TASK TO CARRY OUT:
Retype the listing below line for line, but only from the line with "Anastasia by capyBara" down to the line with "Modern Boho wedding", inclusive. Pictures stay out.

TASK INPUTS: Begin

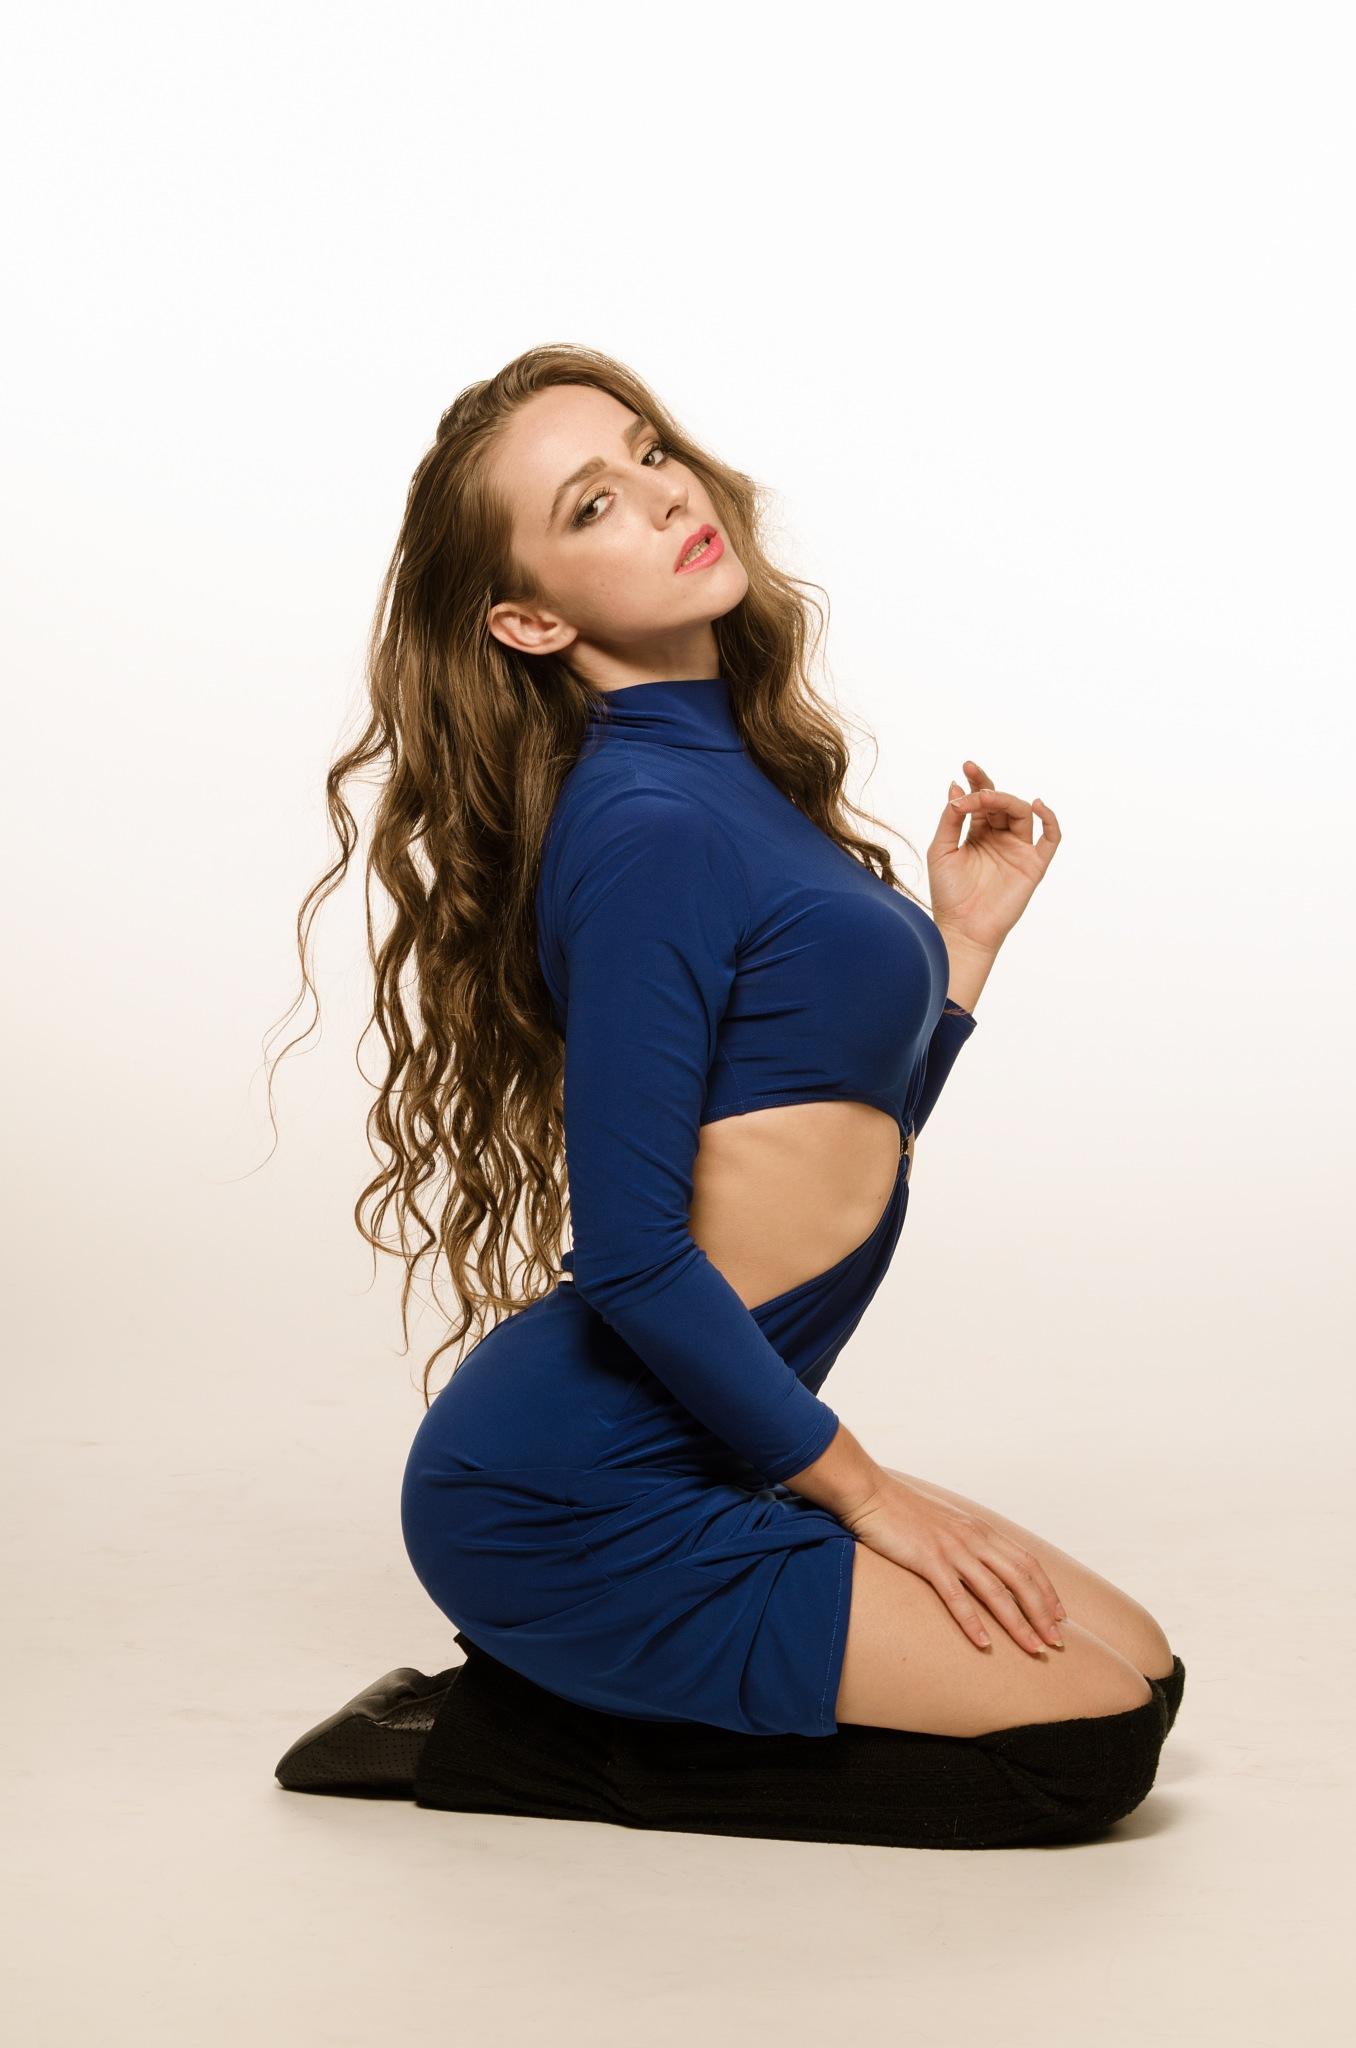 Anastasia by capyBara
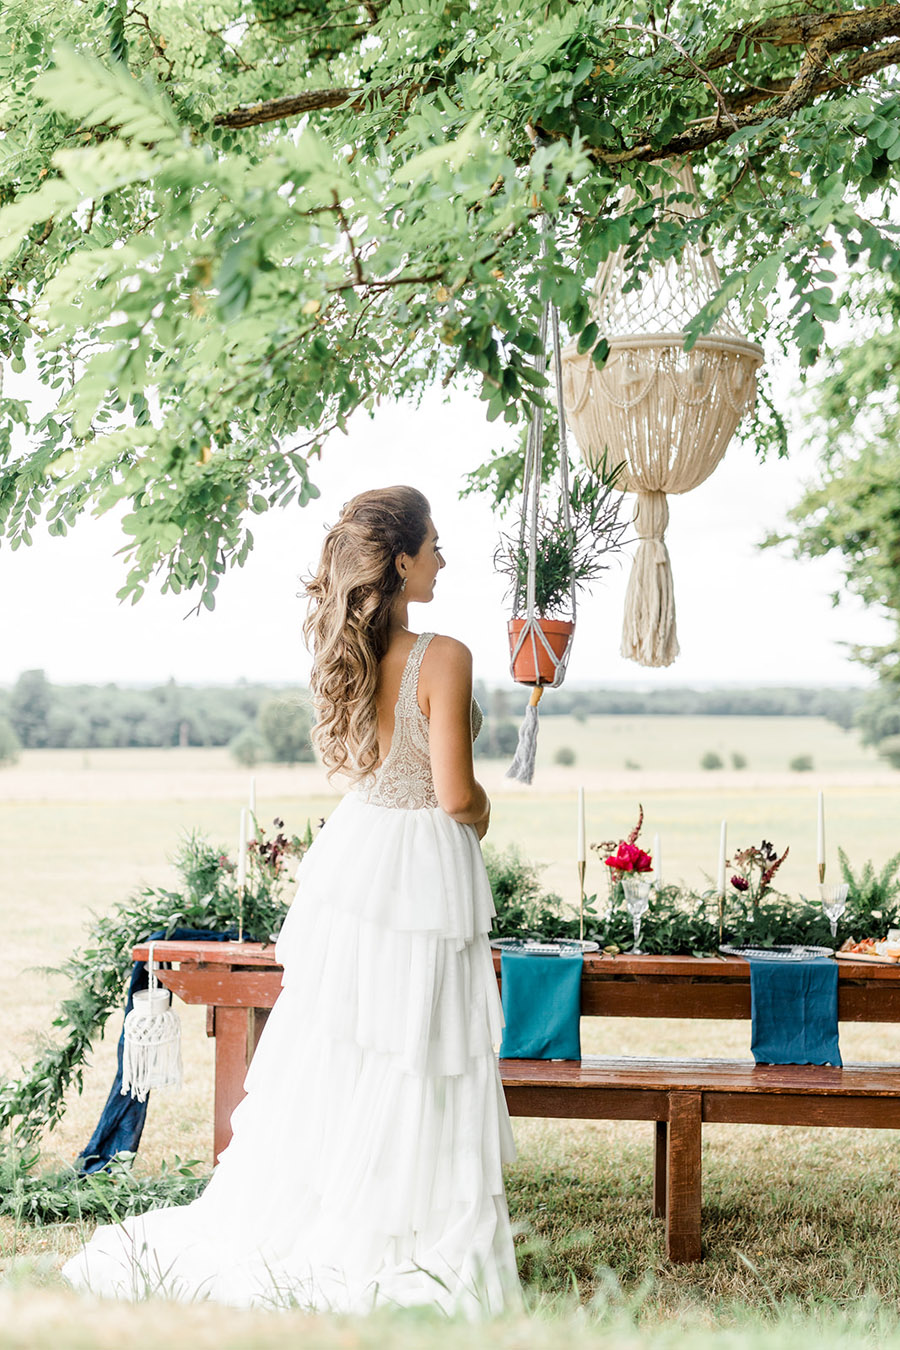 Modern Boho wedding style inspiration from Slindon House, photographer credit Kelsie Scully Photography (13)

TASK INPUTS: End
TASK INPUTS: Begin

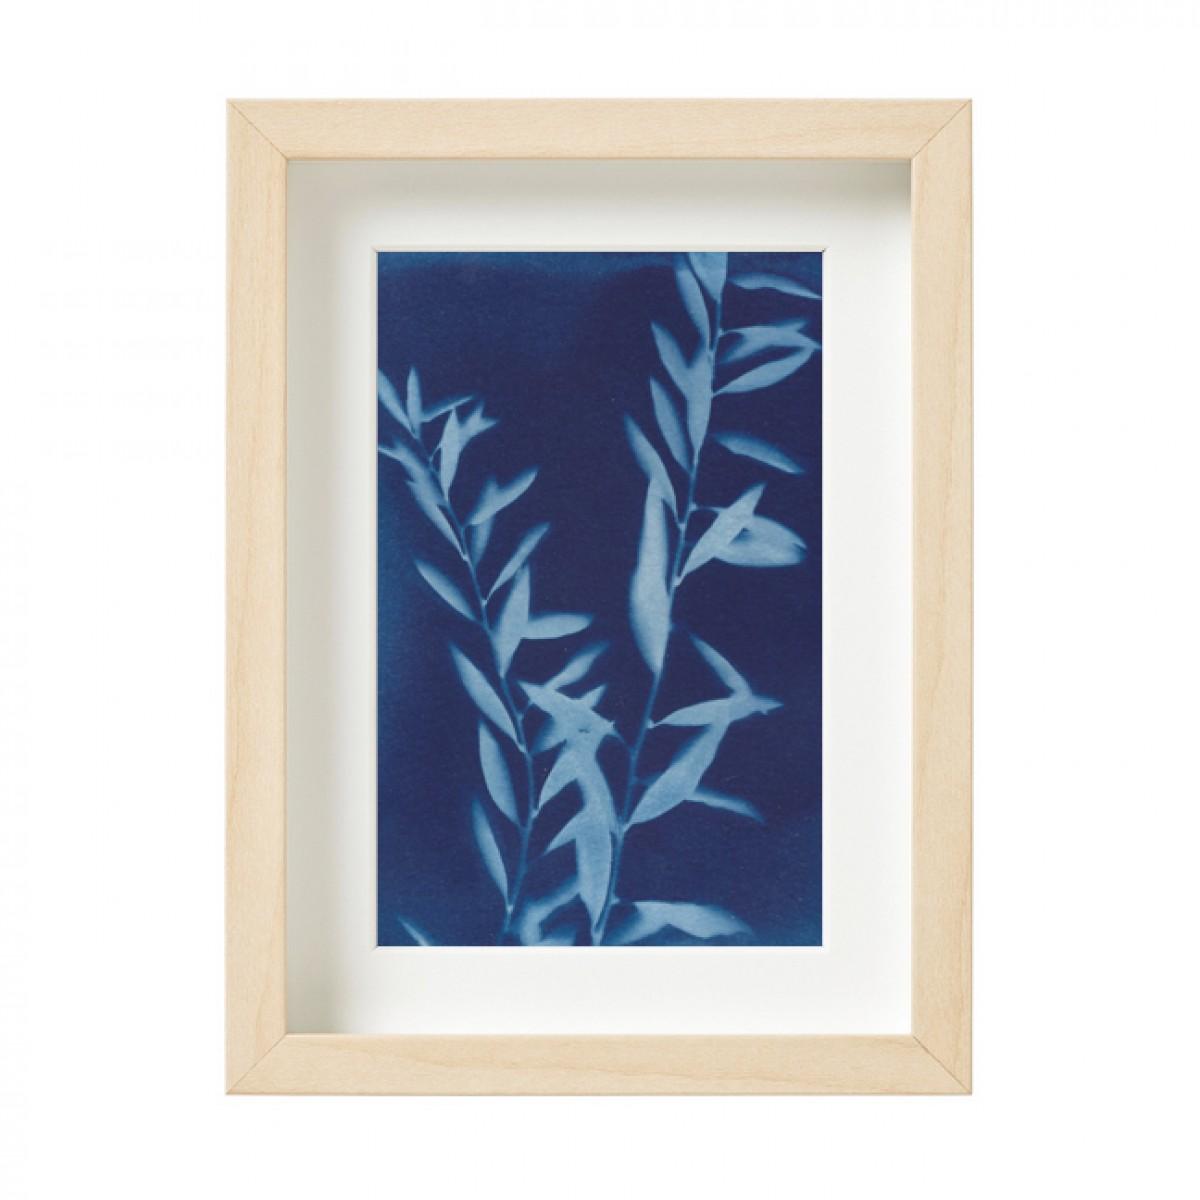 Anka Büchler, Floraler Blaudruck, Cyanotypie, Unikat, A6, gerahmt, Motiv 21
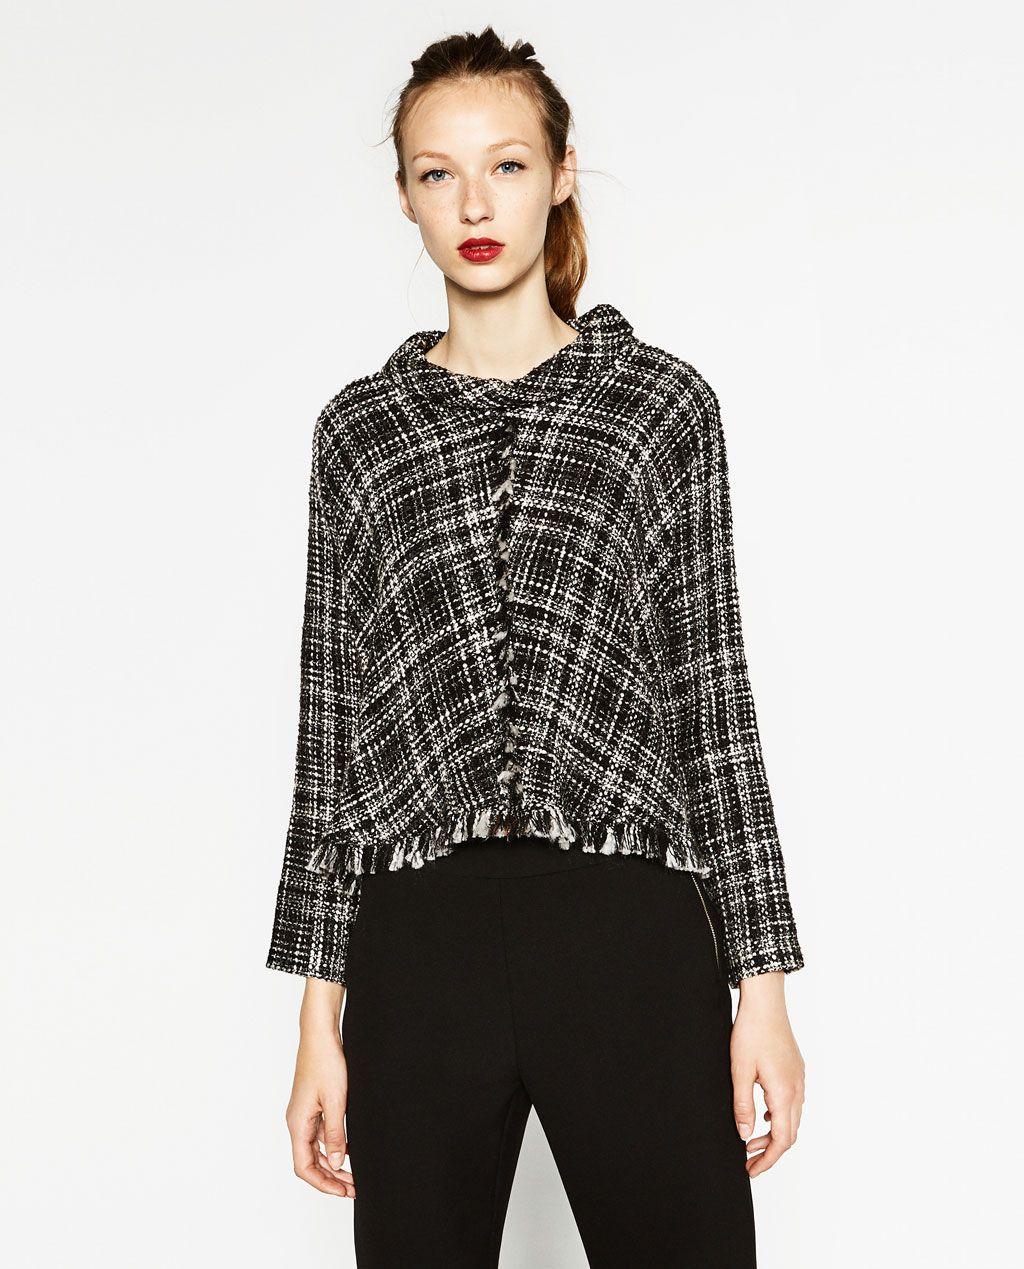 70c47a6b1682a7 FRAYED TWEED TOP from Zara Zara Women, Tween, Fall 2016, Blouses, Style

TASK INPUTS: End

ANSWER SECTION:
 Anastasia by capyBara
 Modern Boho wedding style inspiration from Slindon House, photographer credit Kelsie Scully Photography (13)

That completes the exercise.